Collective Defined Contribution pension schemes officially launched

02 August 2022

Collective Defined Contribution (CDC) schemes have been launched in the UK following consultations and legislative changes introduced in the Pension Schemes Act 2021.

A research briefing, released 1 August 2022,  details the positives, negatives and future plans for CDC schemes in the UK. CDC pension schemes are an alternative to the two main scheme types currently in use, defined contribution (DC) and defined Benefit (DB). The new scheme type allows employees and employers to contribute to a collective fund which provides an income in retirement. This fund does not need to be guaranteed, like a DB would, therefore pensions paid out are increased or decreased depending on the funding level at the time.

Currently there are no CDC schemes authorised in the UK, similar schemes exist in Canada, Denmark and the Netherlands. The first such scheme is likely to be the Royal Mail Pension Plan, which has advanced plans on how it will implement and run a CDC pension scheme.
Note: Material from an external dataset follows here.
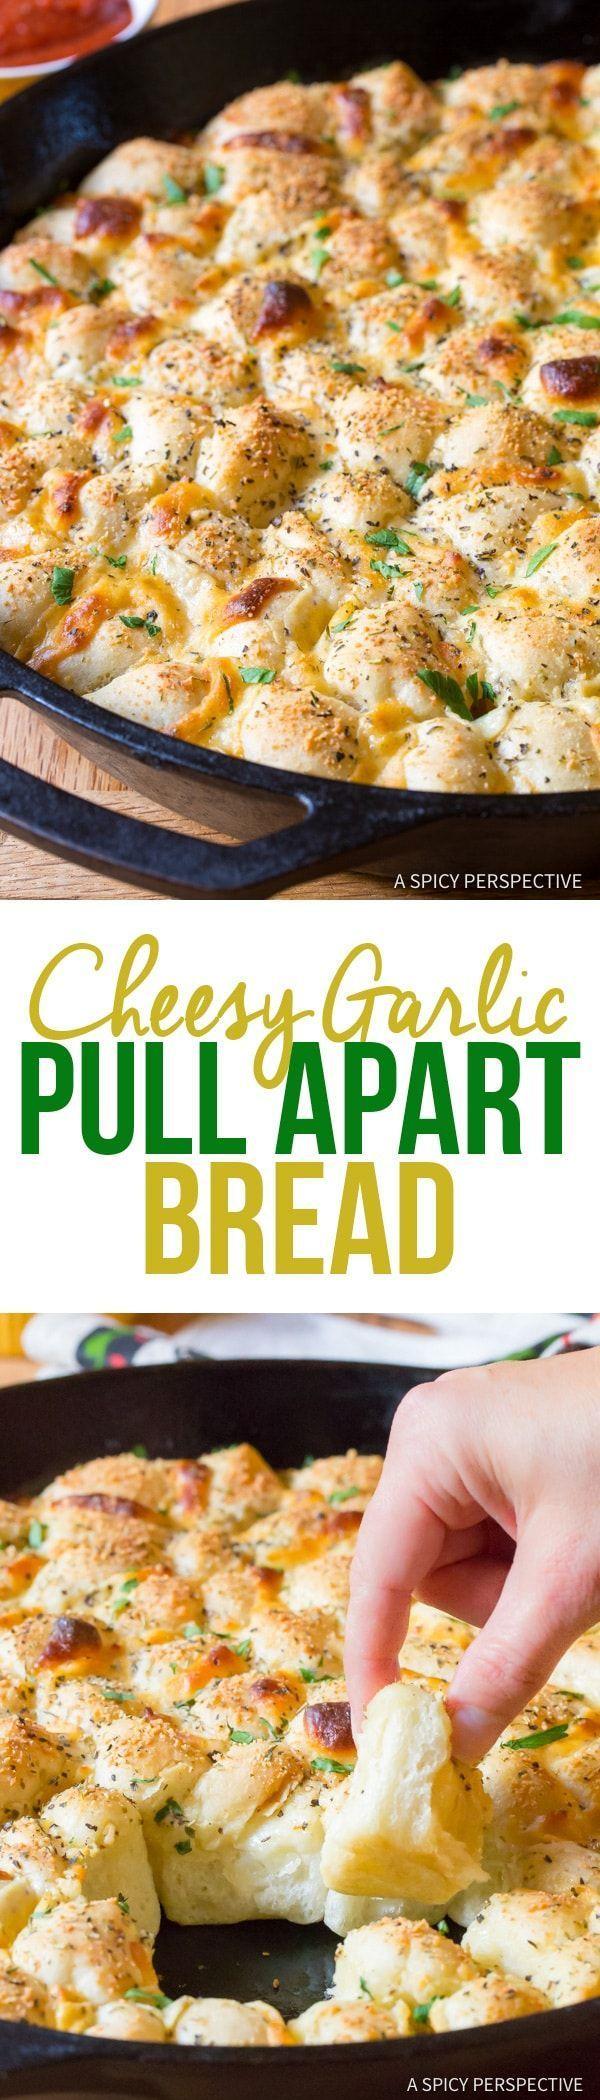 6-Ingredient Cheesy Garlic Pull Apart Bread Recipe | A Spicy Perspective /landolakesktchn/ #addalittlegood #ad
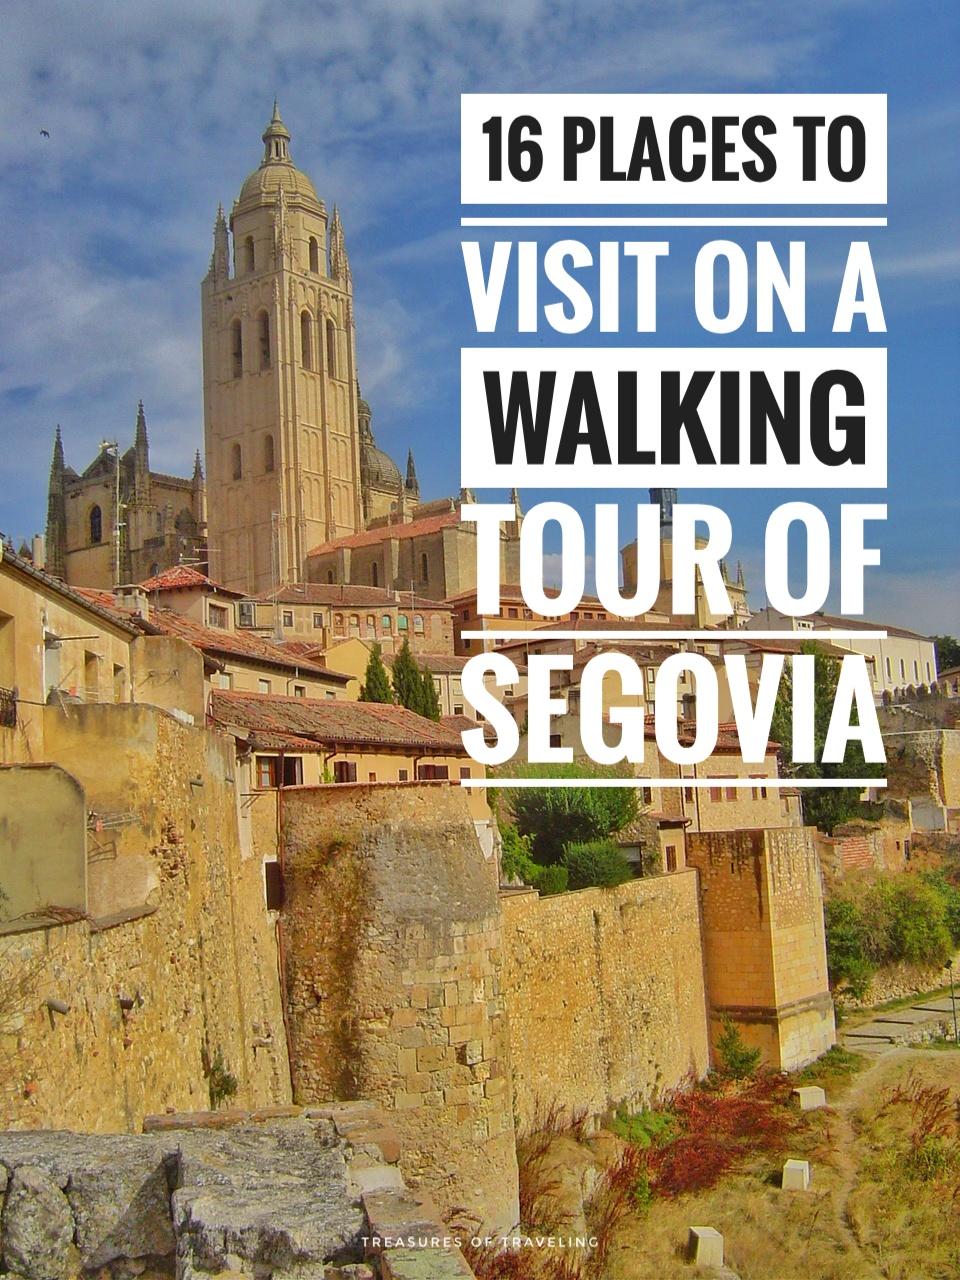 16 Places to Visit on a Walking Tour of Segovia!

The Work and Pensions Committee states that “other employers will want to learn from this scheme”.

There is the possibility for future iterations of CDC schemes to be run across multiple employers using a master trust. Another type of alternative scheme is decumulation only, where only individuals receiving pensions are part of the scheme.

The Department for Work and Pensions will consult further on design principles and approaches for new kinds of CDC schemes.

CDC authorisation and supervision will be handled by The Pensions Regulator who have compiled a code of practice for the schemes.